Com a oferta da escuta analítica, ainda que sejamos demandados a


tal, não respondemos do lugar de saber sobre aquilo de que o paciente
sofre. Ofertar a escuta não é o mesmo que ofertar uma solução para o
sofrimento através do pensamento positivo, do tipo “vai dar tudo certo”.

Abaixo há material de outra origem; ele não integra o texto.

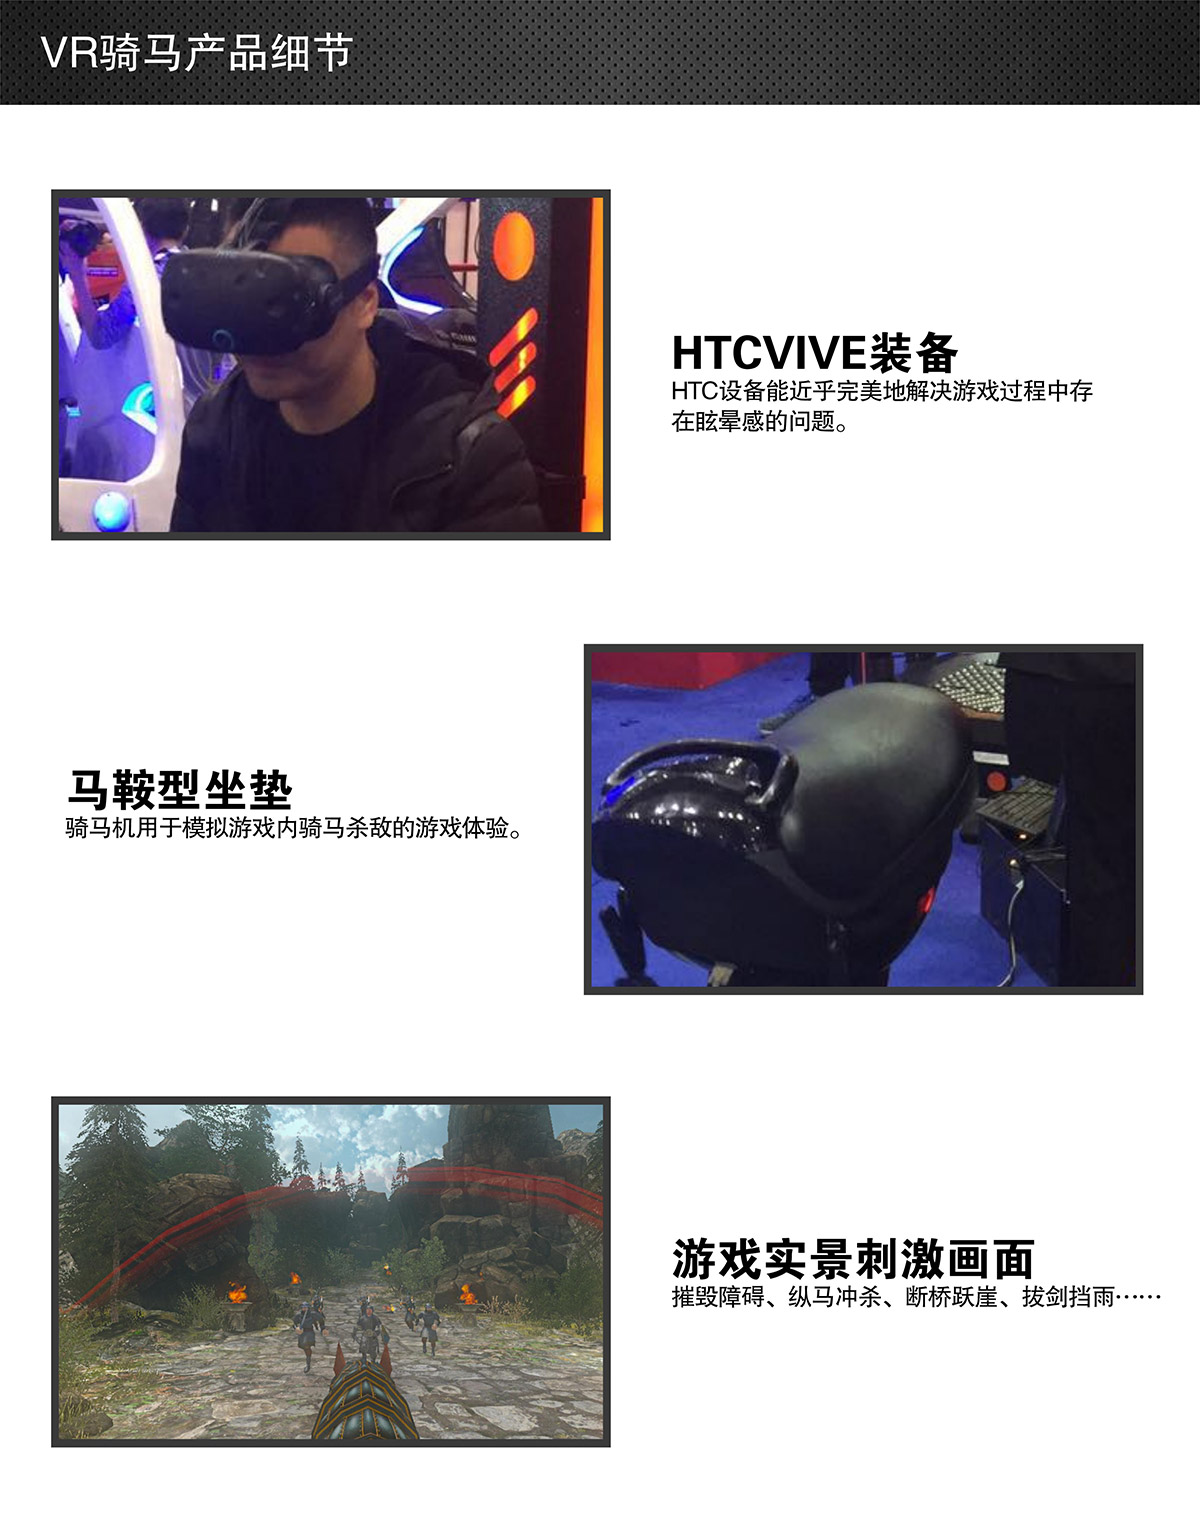 球幕影院VR骑马细节展示.jpg

Disso não temos garantia. A escuta já consiste em si o próprio tratamento,
engendrado pelas diversas circunstâncias da história de vida do paciente,
que ele próprio irá localizar em sua fala. No caso em questão, a iminência
da perda do órgão de Fernanda, caso a rejeição aguda permanecesse,
reeditava outras perdas, para além órgão em si, que remetiam a sua própria
condição de sujeito faltante.
Concluímos que a escuta analítica no hospital é manejada no sentido
de permitir a apropriação de uma narrativa sobre o corpo biológico,
pertencente originalmente ao saber biomédico, favorecendo uma
investigação do próprio sujeito, compartilhada com quem o escuta, sobre
sua posição subjetiva diante de um corpo passível de simbolização, corpo
epistêmico, nas palavras de Jacques Allain-Miller, bem como à experiência
do adoecer. Assim, como pudemos expor no presente caso, o desenrolar de
elaborações simbólicas de uma paciente internada, acerca de um
procedimento médico (o transplante), caminharam em direção à
subjetivação singular de um evento posterior (a rejeição do enxerto).
Fernanda com precisão discorre minuciosamente sobre os detalhes da
sua doença, ainda que em poucos atendimentos; tempo possível dentro de
uma internação curta. Ao ser escutada, tece, com o emaranhado dos
glomérulos renais – aqueles vasos minúsculos que exercem a função de
filtração nos rins – os fios de sua própria história, juntando-os em um
novelo e escrevendo sua própria novela. Obrigado.